C’est un premier pas vers l’accès facilité au passeport suisse pour les petits-enfants de migrants, ces étrangers nés en Suisse, dits de 3e génération. Mais les élus fédéraux le savent: le débat sur la naturalisation facilitée est marqué par trente ans de refus dans les urnes (lire ci-contre). La majorité – tous les partis hormis l’UDC – a donc pris ses précautions. Il n’est pas question de proposer un droit du sol, cet automatisme qui offre le passeport à la naissance, n’ont eu de cesse de répéter hier les partisans du projet.
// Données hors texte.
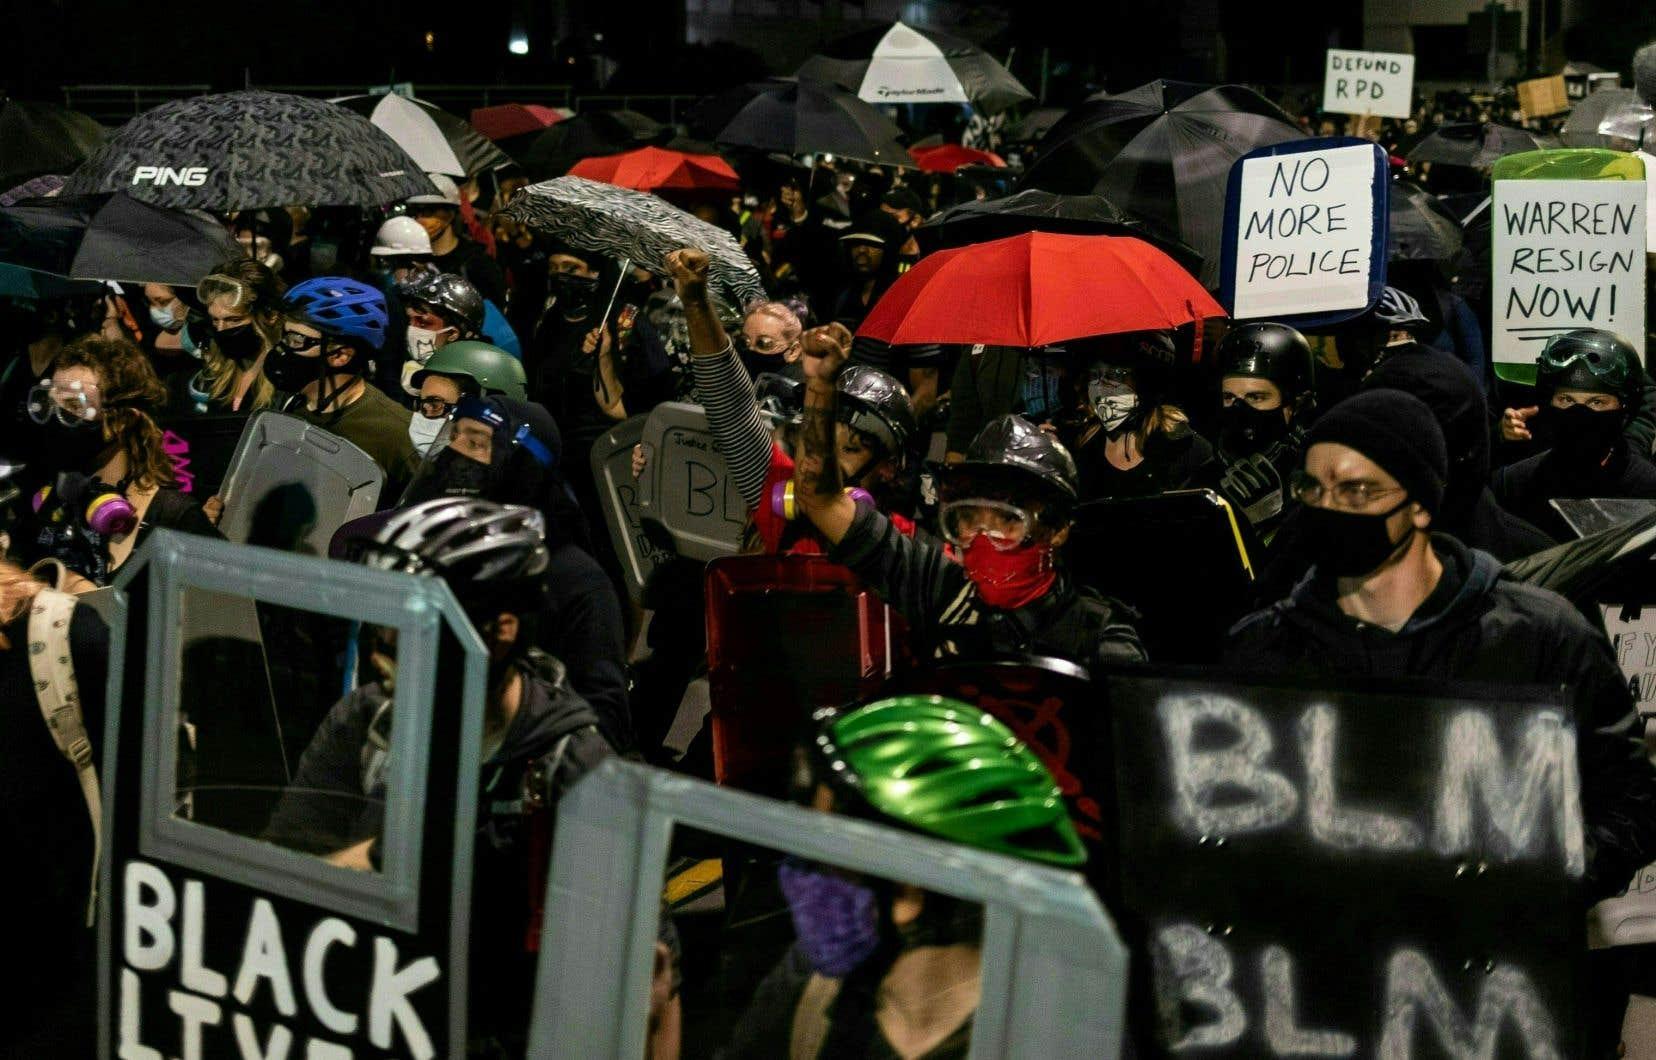 Le décès de Daniel Prude fait écho à ceux de George Floyd ou Breonna Taylor, noirs eux aussi, lors d'interpellations violentes, qui ont suscité des centaines de manifestations aux États-Unis depuis le mois de mai.

Mais de quoi s’agit-il alors? D’une passerelle, un allégement, qui reste assorti de conditions. Le candidat doit avoir envie du passeport à croix blanche et activer une demande officielle. Il doit aussi prouver trois choses: «Il faut que la génération des grands-parents ait obtenu une autorisation de séjour. Ensuite, la génération des parents doit être née en Suisse ou avoir obtenu une autorisation de séjour avant leurs 12 ans. C’est ensuite la troisième génération, celle des petits-enfants, qui doit être née en Suisse et avoir une attache avec la Suisse lors de la naissance, a expliqué Isabelle Moret (PLR/VD). Ces trois conditions cumulatives donnent une présomption d’intégration, mais pas de droit automatique à la naturalisation.»

Autrement dit, les cantons resteront libres de s’opposer à une demande de passeport suisse, tout comme les communes – dans les cantons qui le prévoient –, notamment si le candidat a un casier judiciaire ou des dettes.

Pas de «naturalisations de masse»

Ces garde-fous ne sont pas parvenus à convaincre l’UDC, ainsi que quelques PLR, qui ont rejeté la proposition ou se sont abstenus, à l’image du président du parti, Philippe Müller. Hans Fehr (UDC/ZH) a argumenté pour son parti: «C’est reparti comme en 14! Nous ne sommes pas prêts à naturaliser des centaines de milliers de nos prétendus enfants. Cette initiative débouchera sur une naturalisation automatique pour la 3e génération. Qu’est-ce que vous voulez de plus, Madame Marra? Une naturalisation de masse?» a lancé l’élu, estimant également qu’à l’aide de naturalisations facilitées, la gauche veut déguiser les chiffres réels de la migration en Suisse.

Dans les faits, la commission compétente estime à 100'000 le nombre d’étrangers de la 3e génération qui pourraient avoir accès à une naturalisation facilitée à l’entrée en vigueur de la nouvelle loi. S’y ajouteraient 5000 à 6000 personnes par année. «Penser que ces 100'000 personnes vont toutes demander la naturalisation est illusoire. Aujourd’hui déjà, 800'000 personnes remplissent les critères de l’accès à la nationalité sans la demander. Tout ne changera pas, mais des blocages, des écueils, pourraient enfin disparaître», rétorque la Lausannoise Ada Marra.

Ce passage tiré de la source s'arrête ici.